**WORK ORDER:**
Would you reproduce exactly, and only, the lines starting at the one with "Bandera de Chile" and ending at the last line of the data, with both included? Leave the pictures out.

**MATERIAL FOR THE TASK:**
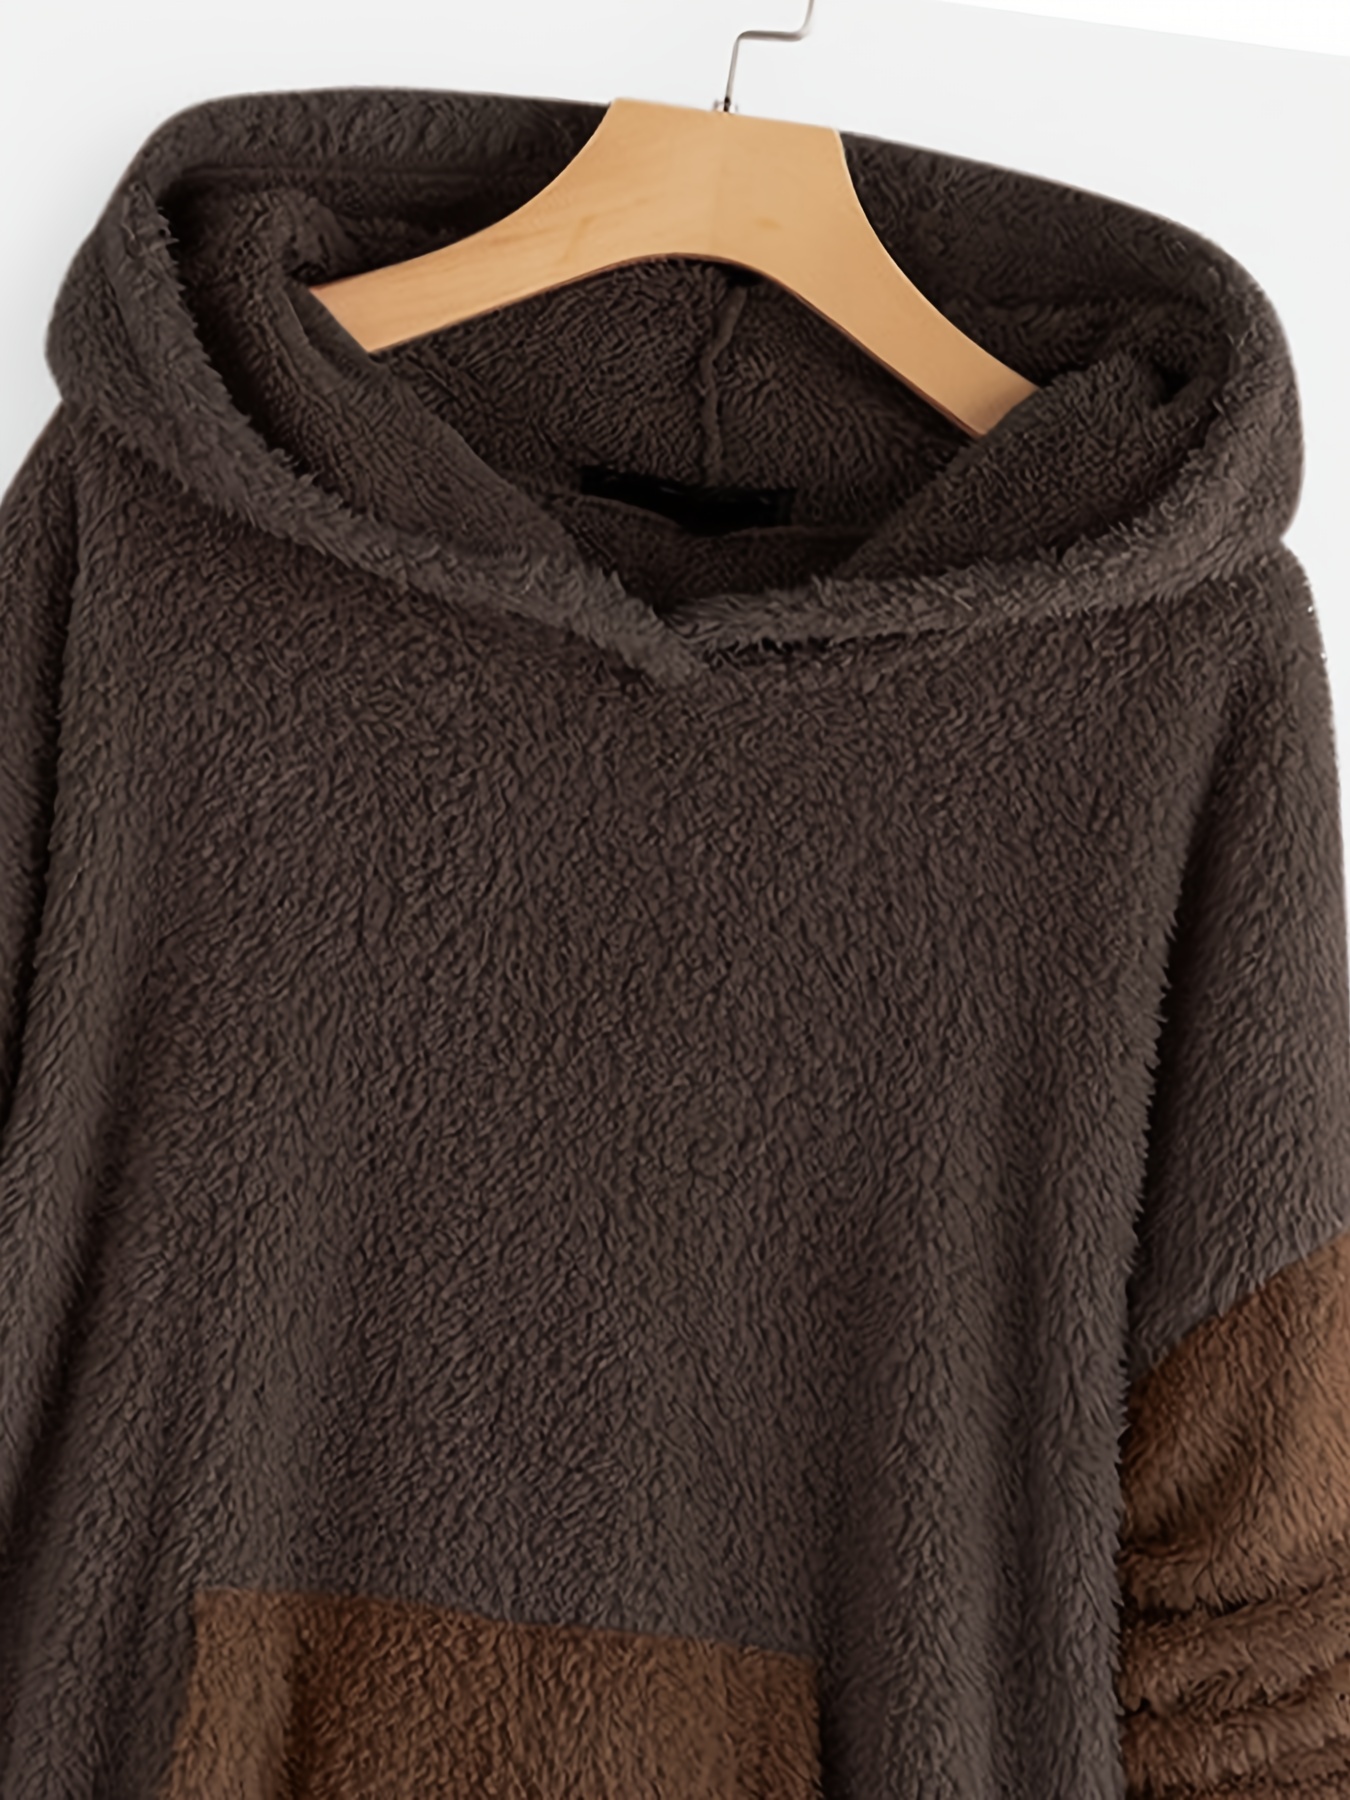 color block kangaroo pocket hoodie long sleeve thermal hoodies sweatshirt womens clothing details 8
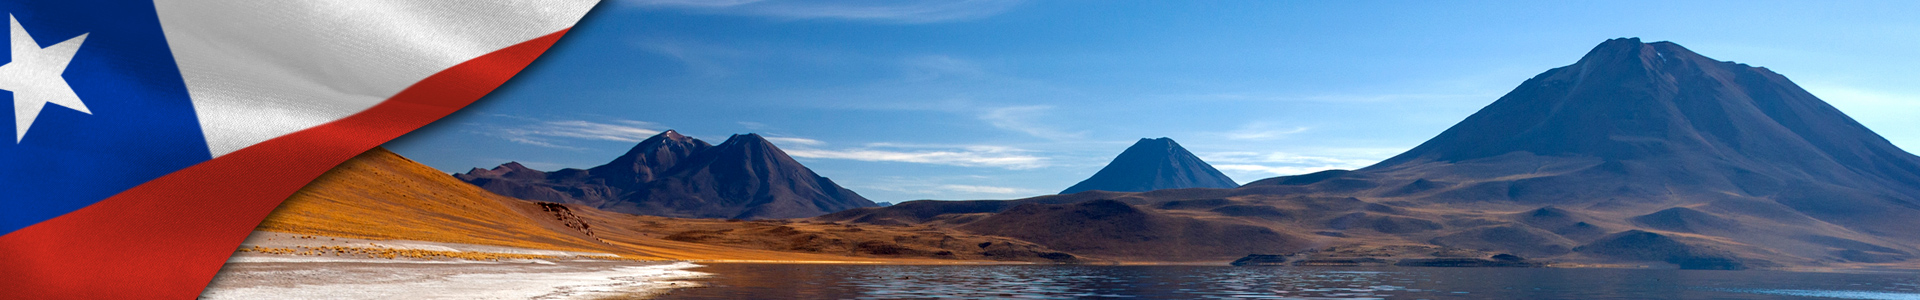 Bandera de Chile y foto de Laguna Miscanti en lo alto del altiplano - Desierto de Atacama - Chile
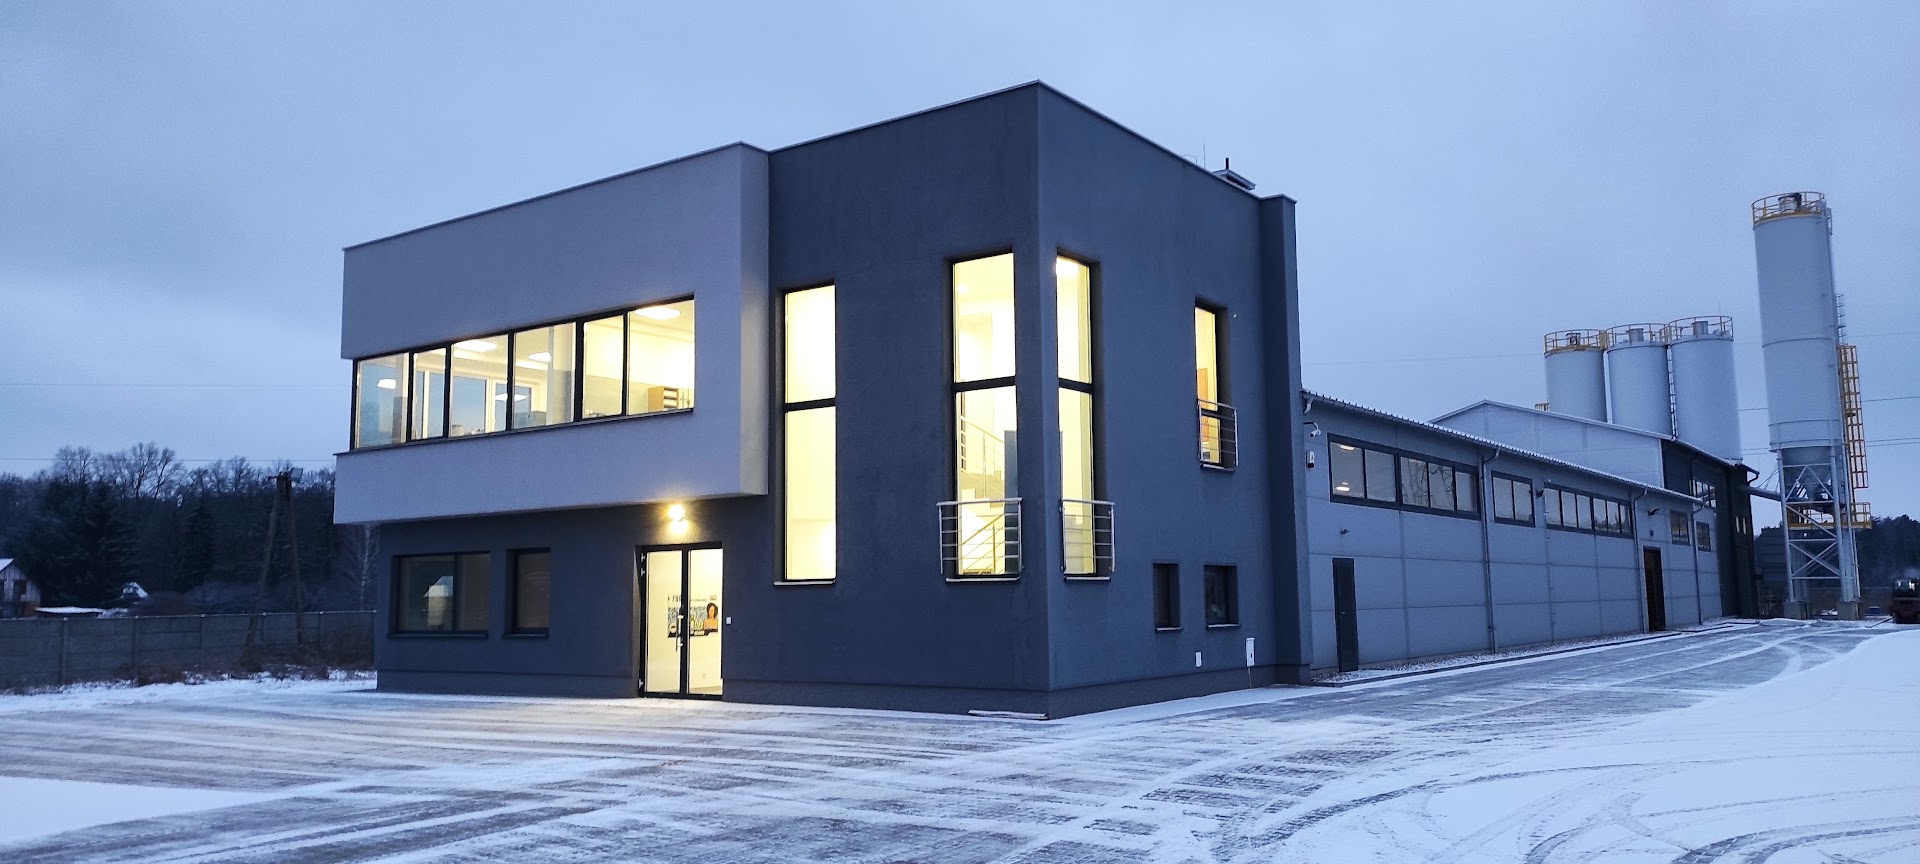 Selena otworzyła nowoczesną fabrykę chemii budowlanej w Węgrowie
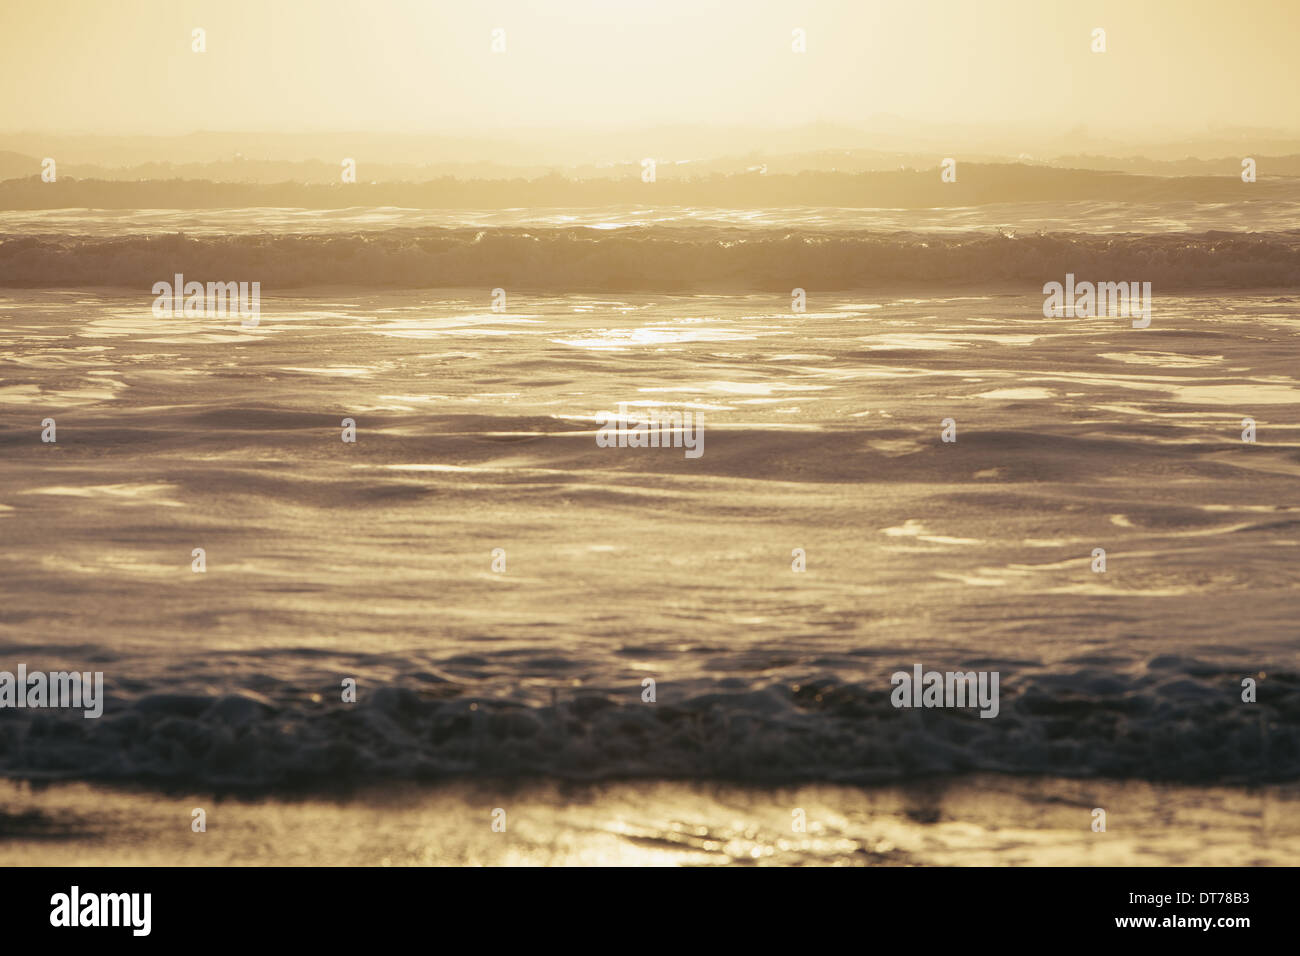 Seenlandschaft in der Abenddämmerung, Wellen am Ufer brechen. Gezeitenzone. Vor der Küste des Olympic National Park in Washington, USA Stockfoto
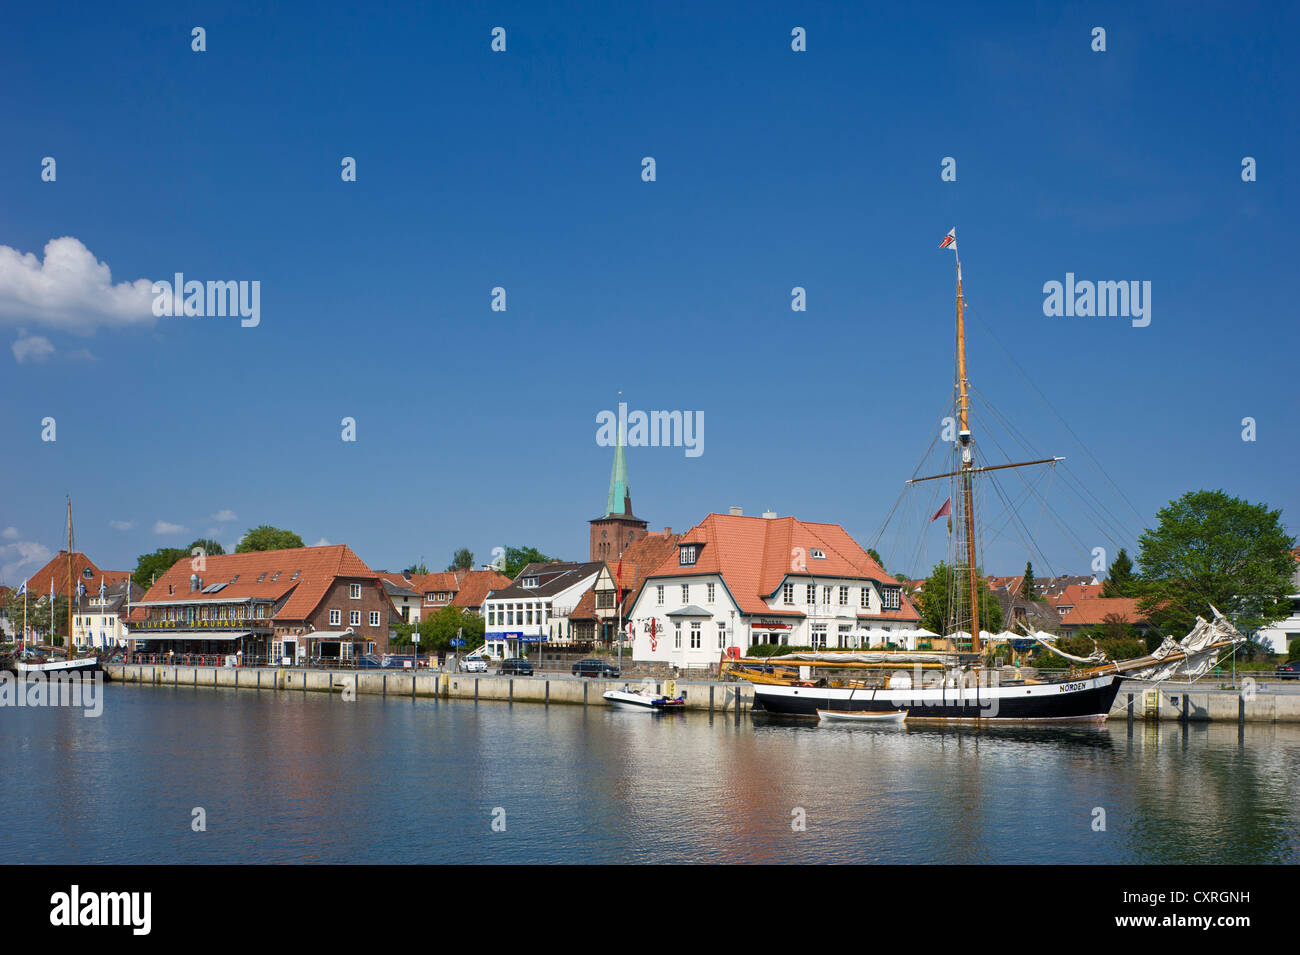 Hafen Sie mit einem historischen Segelschiff, Altstadt, Neustadt in Holstein, Schleswig-Holstein, Deutschland, Europa Stockfoto
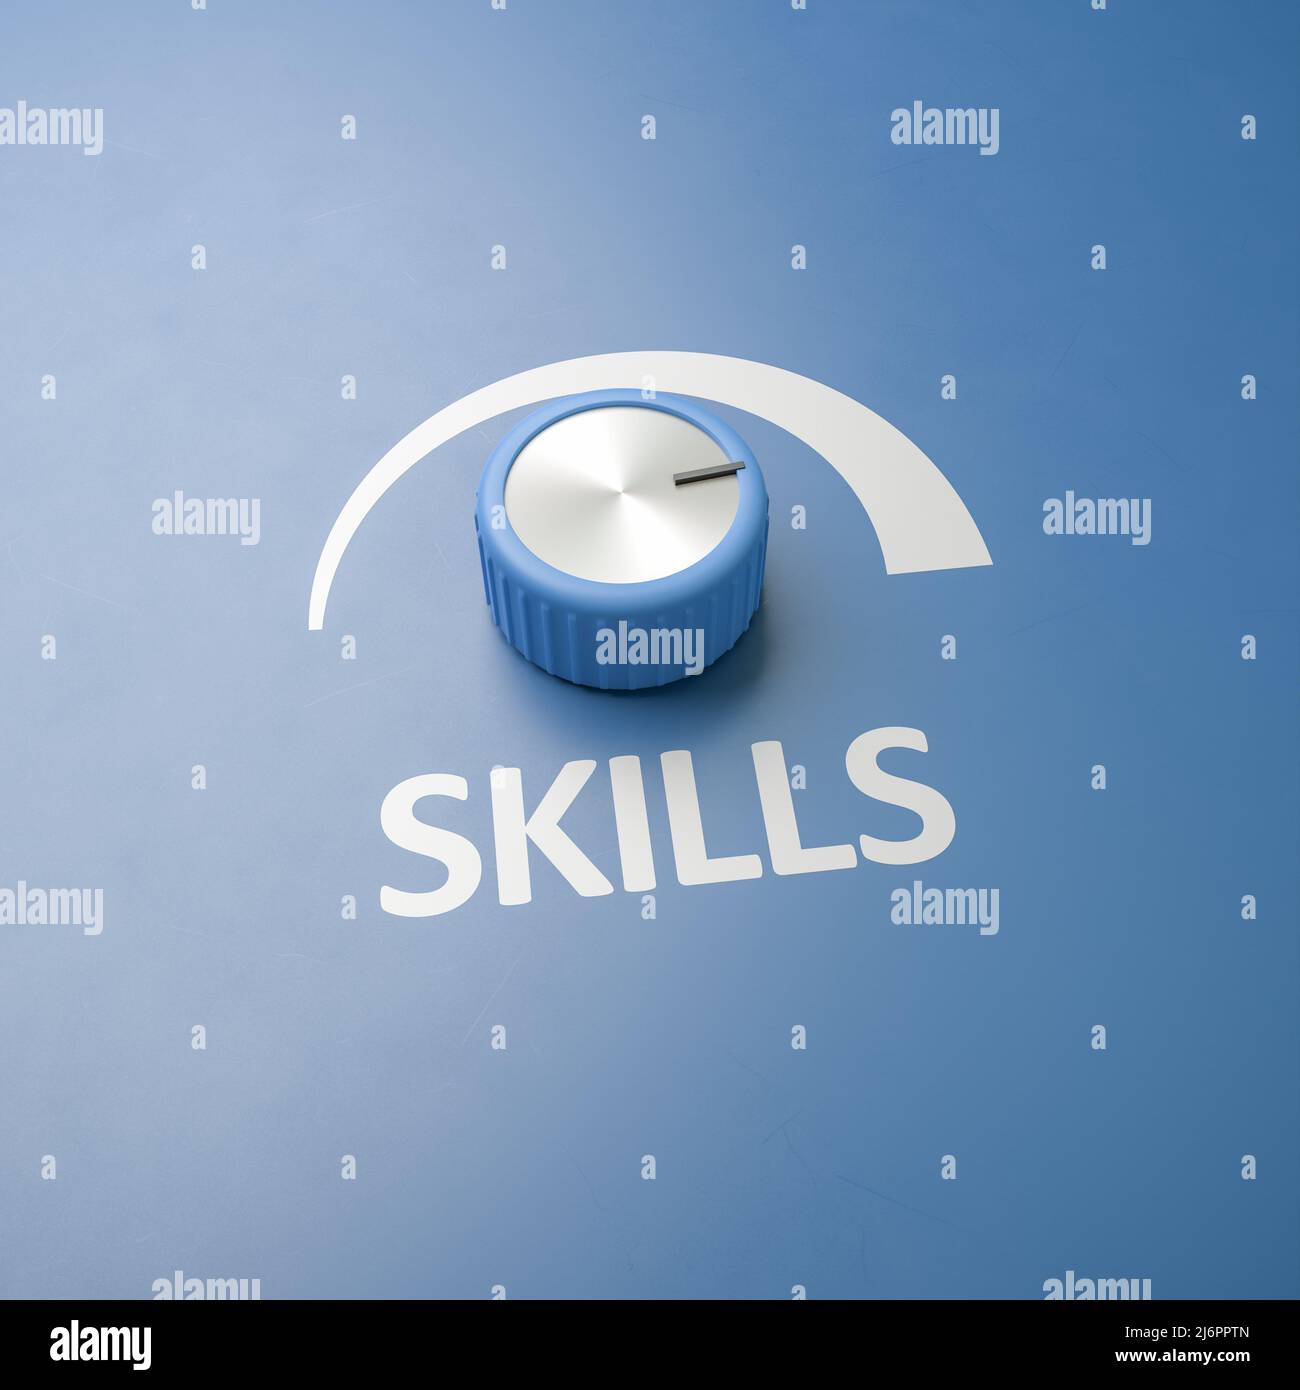 Blue Knob wurde mit dem Wort „Skills“ als Label auf die volle Stufe gestellt – Konzept für Maßnahmen zur Verbesserung von Skills. Platz zum besseren Zuschneiden kopieren Stockfoto

**COMPLETED TASK:**
 Bandera de Chile y foto de Laguna Miscanti en lo alto del altiplano - Desierto de Atacama - Chile
 Selena otworzyła nowoczesną fabrykę chemii budowlanej w Węgrowie
 Seenlandschaft in der Abenddämmerung, Wellen am Ufer brechen. Gezeitenzone. Vor der Küste des Olympic National Park in Washington, USA Stockfoto
 Hafen Sie mit einem historischen Segelschiff, Altstadt, Neustadt in Holstein, Schleswig-Holstein, Deutschland, Europa Stockfoto
 Blue Knob wurde mit dem Wort „Skills“ als Label auf die volle Stufe gestellt – Konzept für Maßnahmen zur Verbesserung von Skills. Platz zum besseren Zuschneiden kopieren Stockfoto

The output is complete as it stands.